Jon and Alyson said...

We too have embraced the non princess lifestyle for a long time. Mostly because of lack of motor skills Jacey couldn't pick princess dress up. hehe We even have a dino shirt that says "Rawr means I love you in Dinosaur". However, we do have a sparkly, pink sweatshirt that sometimes she refuses to let go of. Hmmm there could be some lady in there yet! It's inevitable I think...2 girl cousins.

Jackie said...

My "little-boy-on-the-spectrum" version of Maya's experience has to do with karate. How could I - who chaired more than one Congressional committee against a war, who organized anti-war marches, etc. (you get the idea) agree to let my then-6 year old participate in a sport that involved head-bopping, chest-thumping sparring? And yet, over the next three years (during which we spent so much time at karate that we got phone calls there...pre-cell phone era!) it turned out to be the most successful therapeutic intervention of all!
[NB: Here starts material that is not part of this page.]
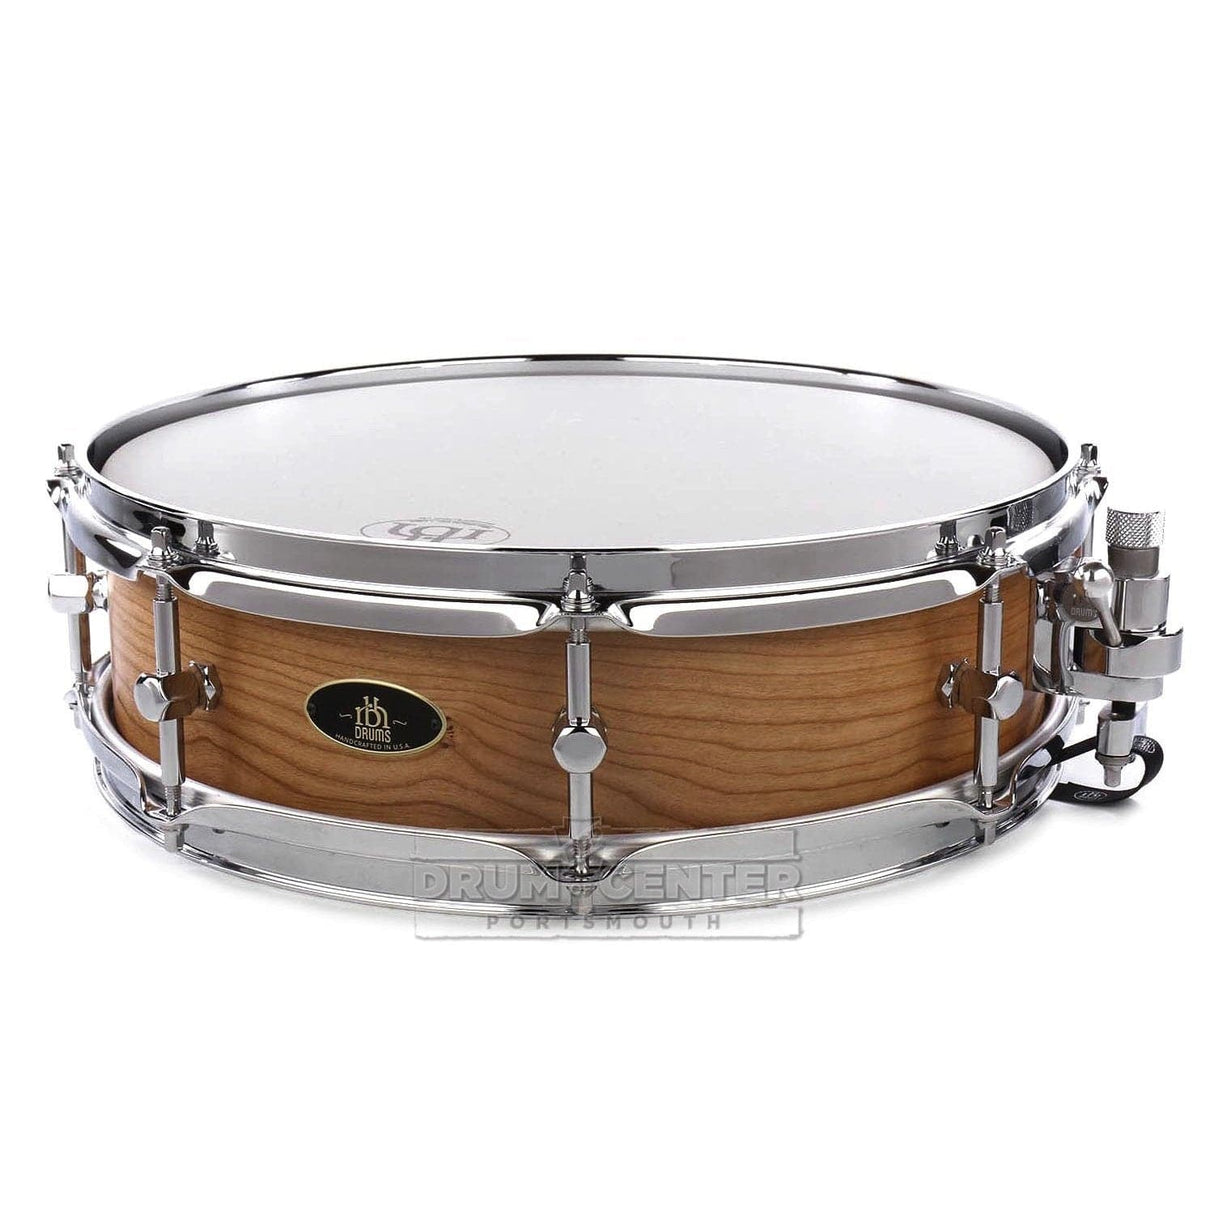 RBH Prestige Solid Cherry Snare Drum 14x4 w/Walnut Rings + FREE Case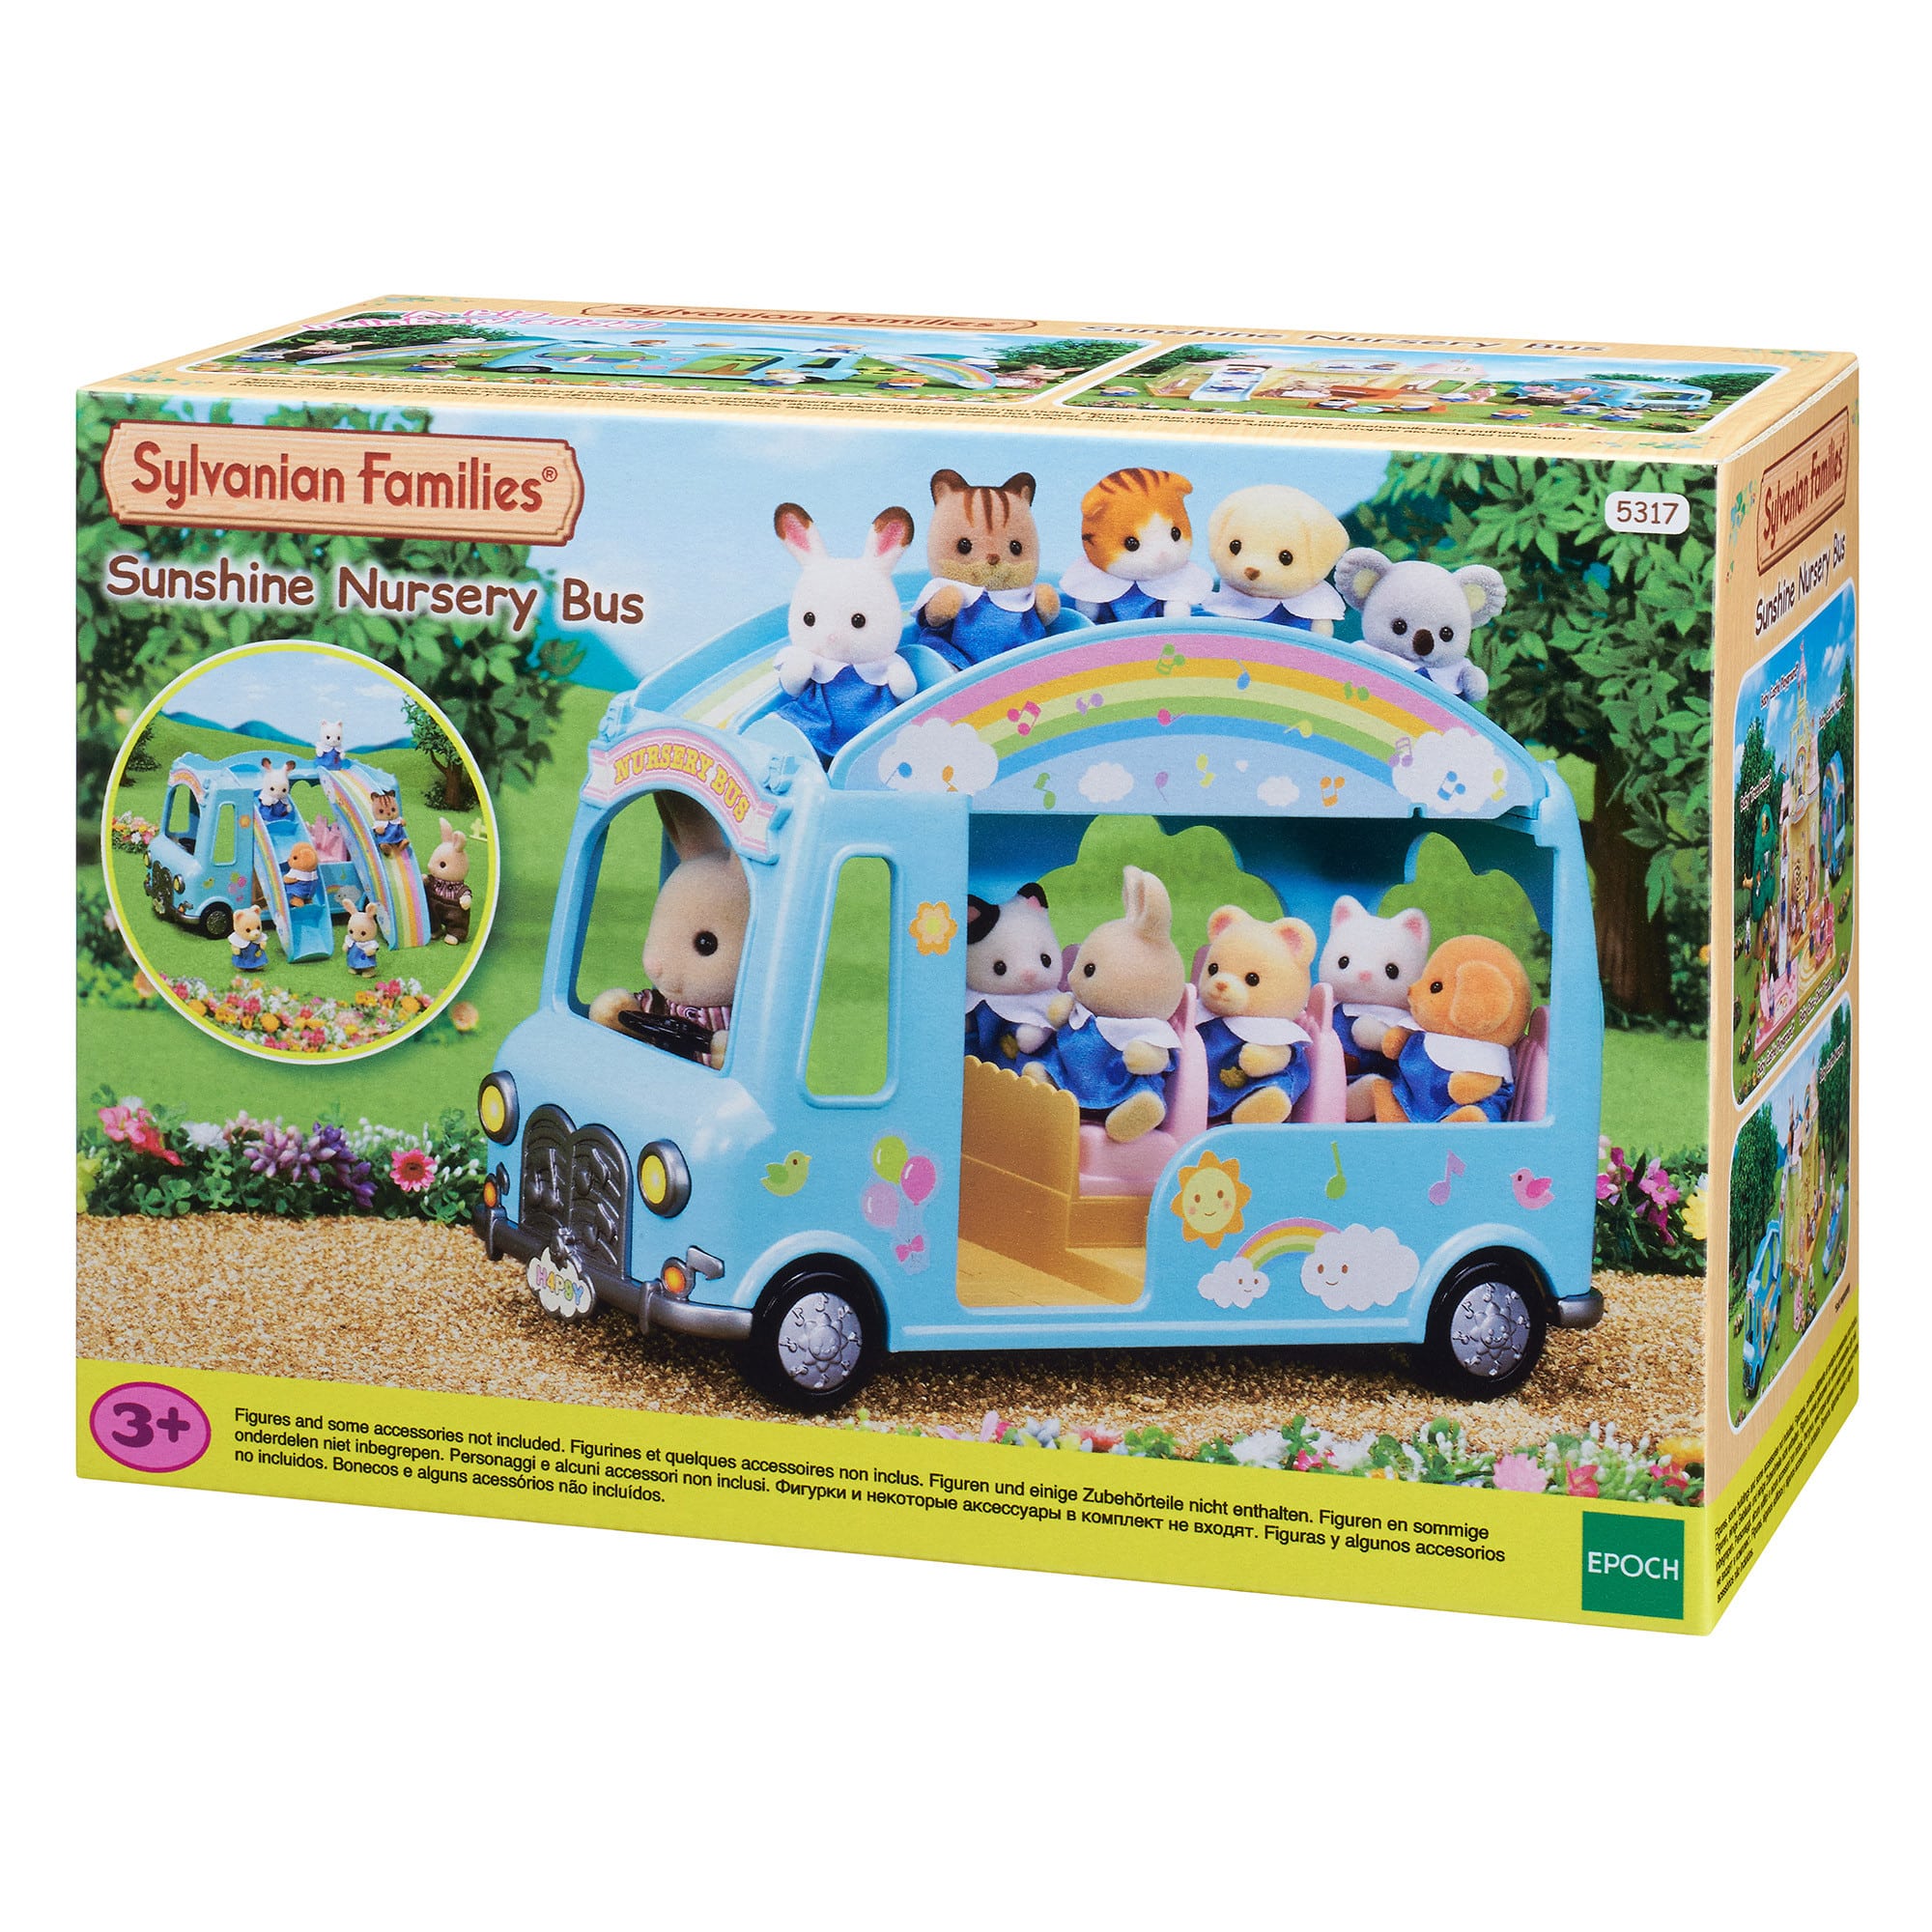 Sylvanian Families - Nursery School Bus SF5317

No amount of OT or speech-language therapy accomplished what daily karate sessions did in terms of receptive-expressive speech development, eye-hand coordination, social skills, etc. Sometimes you've just got to go with the flow and make it work for you.

Siobhan said...

It sounds to me like you're doing the princess thing right. I do the same with my girls, telling them how they're actually really smart and nice to people etc. I try to counterbalance to much girliness by making sure they play with tools, balls and trucks, lol.
And there are a few movies that I think send a decent enough message, the Princess and the Frog and Tangled are both really good.

Cathy Mealey said...

Just stumbled into another post about Disney princesses here:


Seems like princesses (in moderation) are everywhere!

RettMom said...

I can relate to the anti-princess feelings, but for me it's because they have morphed so much from the original tales (which I love). I agree with Annie about the princesses not being quitters Belle didn't give up with Gaston locked her in the cellar. Moderation is the key. The video is adorable.

Cathy said...

Dana, I just saw a book about Princesses in the NYT book review and totally thought of you and Maya's princess phase (it's called Cinderella Ate My Daughter: Dispatches from the Front Lines of the New Girlie-Girl Culture by Peggy Orenstein). Fer and Wendy have kind of missed it, but our neighbor's 4 yr old daughter is deep into princesses so they try on the dresses and run around with tiaras once or twice a week when they play together. Anyway, haven't read the book but thought you might like to know of it.